Una freccia indica “Bormio 2000”, mi volto per cercare l’arrivo degli impianti, memore della vista su Santa Caterina di cui si gode da lassù.
Il Ponte dell’Alpe e l’arrivo
Il Ponte dell’Alpe mette un po’ timore: gli alberi sono scomparsi, l’ampio curvone sale lungo un promontorio di rocce grigie che la strada, proseguendo, avvolge. In qualche modo bisognerà superare questo dislivello e le premesse non sembrano le migliori.

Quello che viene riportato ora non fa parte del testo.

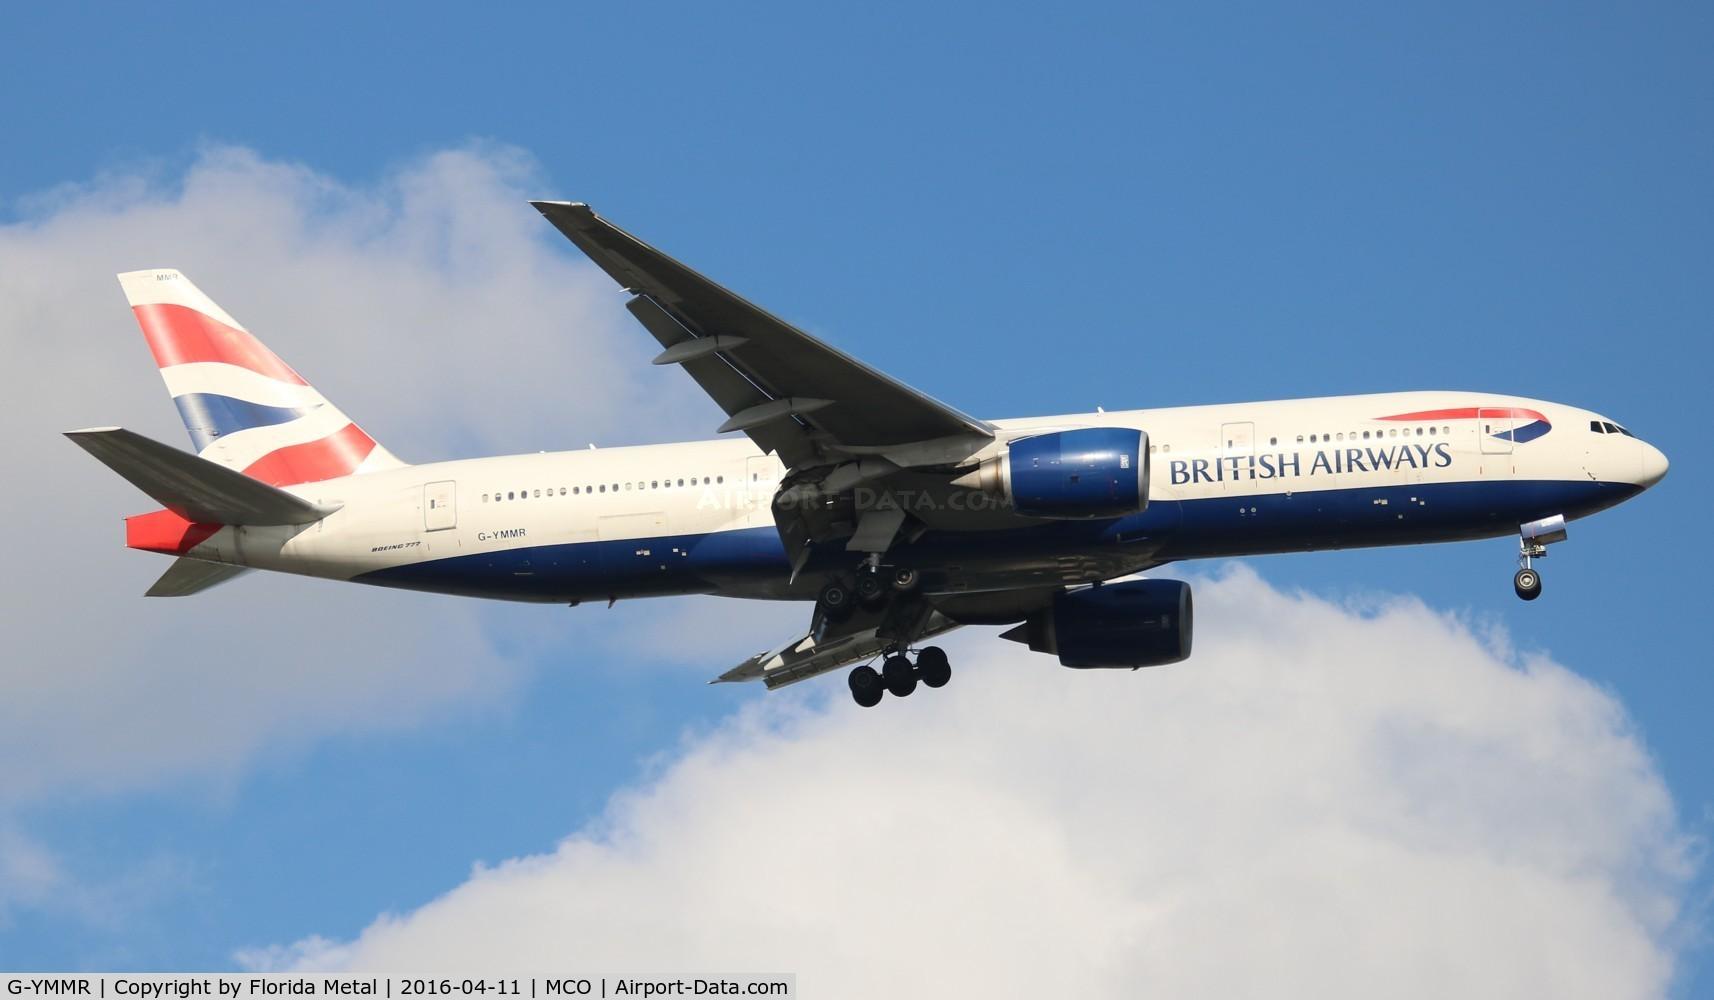 G-YMMR, 2008 Boeing 777-236 C/N 36516, British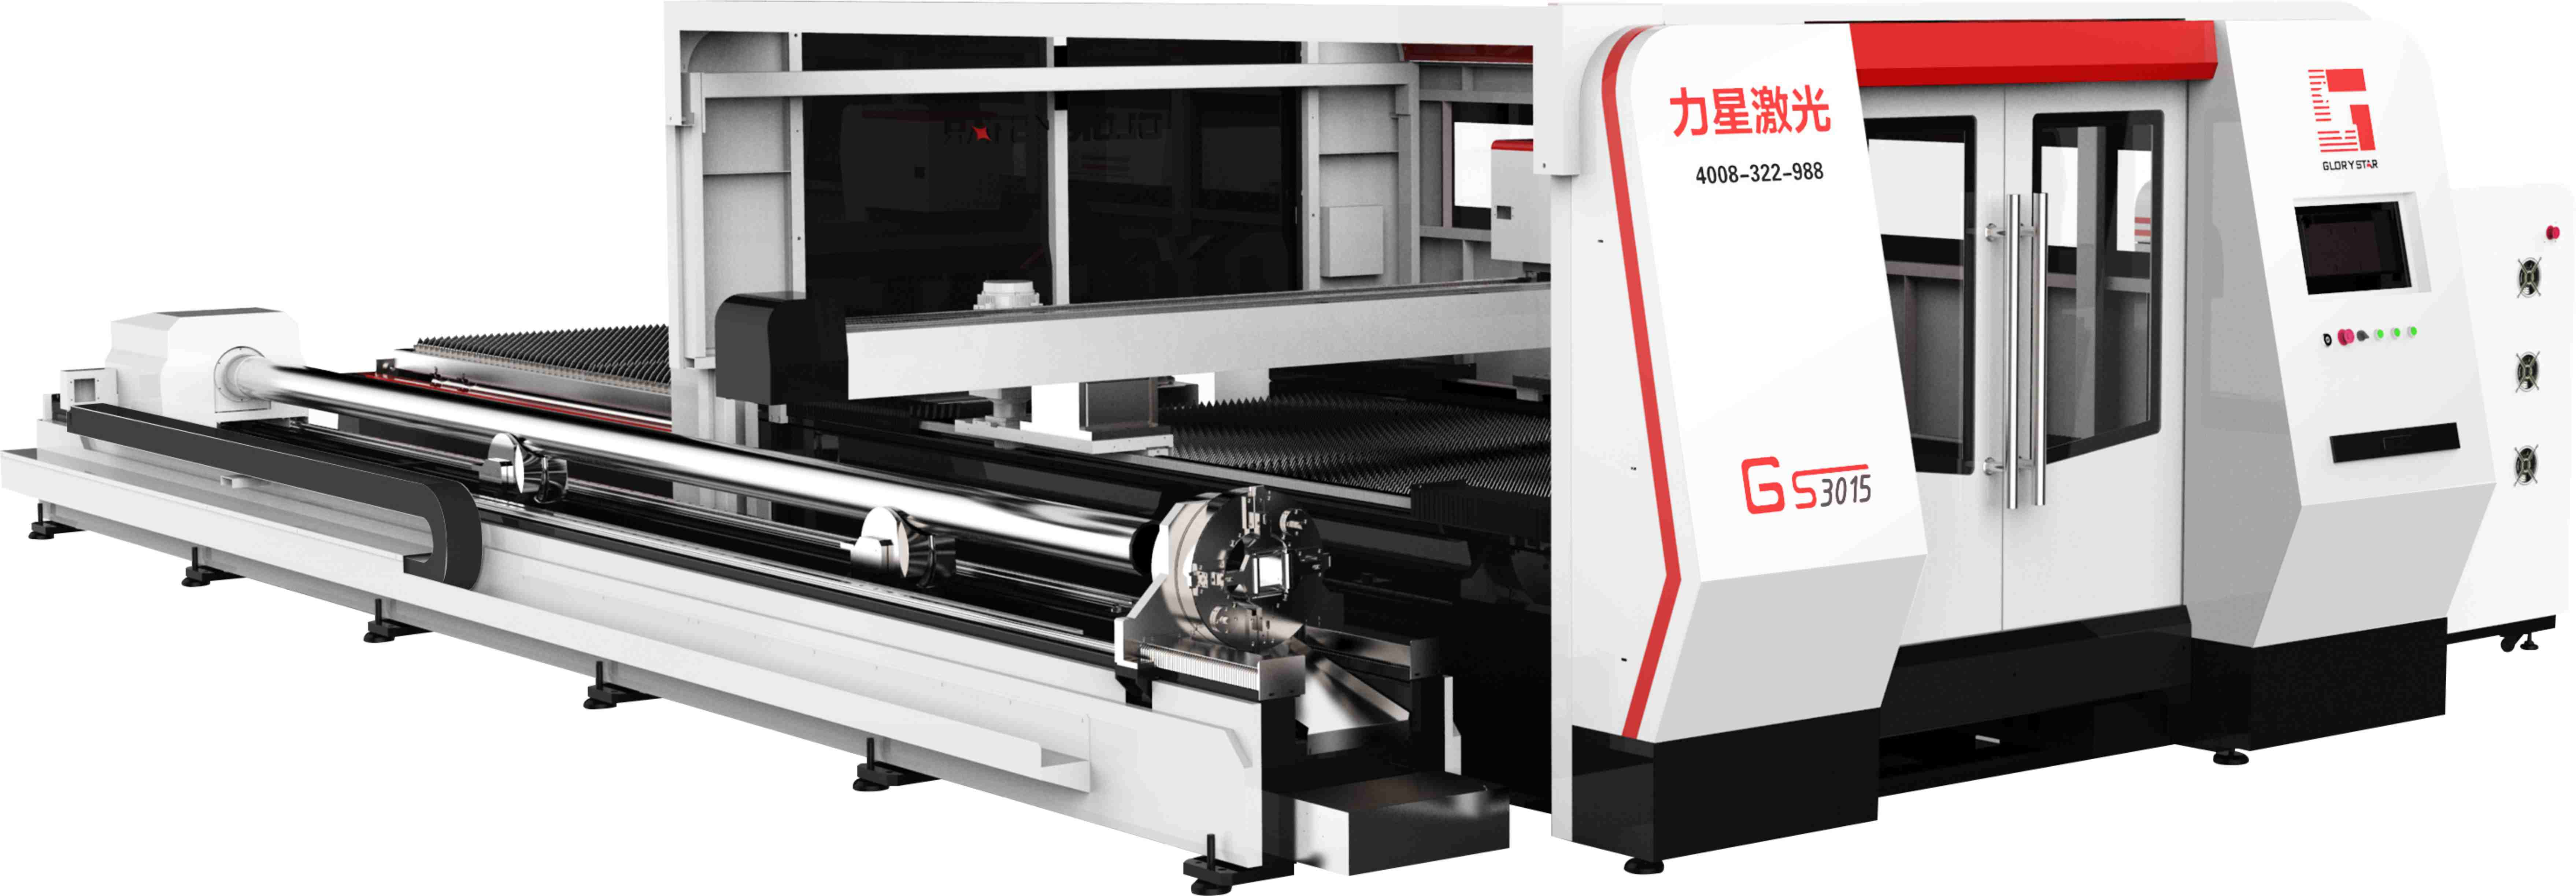 Máy cắt Laser 3015SG

Infatti quello che segue è il punto più duro di tutta la salita. Non appena la strada torna rettilinea, il gps segna 21%. Per 3 chilometri, la spia rossa dell’allarme pendenza si accende ad intermittenza: 15%, 14%, 20%. E’ l’ultimo dei 5 strappi che ho individuato lungo la salita, il più arcigno.
Supero un gruppetto che barcollando disquisisce di pendenze reali e percepite, invece di pedalare. Aggancio un biker con la front con una divisa del Team Alta Valtellina. Ci diamo alcuni cambi. Il terreno ora è piano. Chiedo conferma che sia così fino alla fine.
Il Rifugio Berni non lo considera nessuno. A poche centinaia di metri la biker incontrata prima di Santa Caterina. Ancora una volta scatta, non appena intravede l’arrivo.
Scatto anch’io: una giornata iniziata con pigrizia finisce nella gloria di un arrivo in progressione, sotto il cielo grigio e lo sguardo arcigno ed impassibile del Monte Gavia.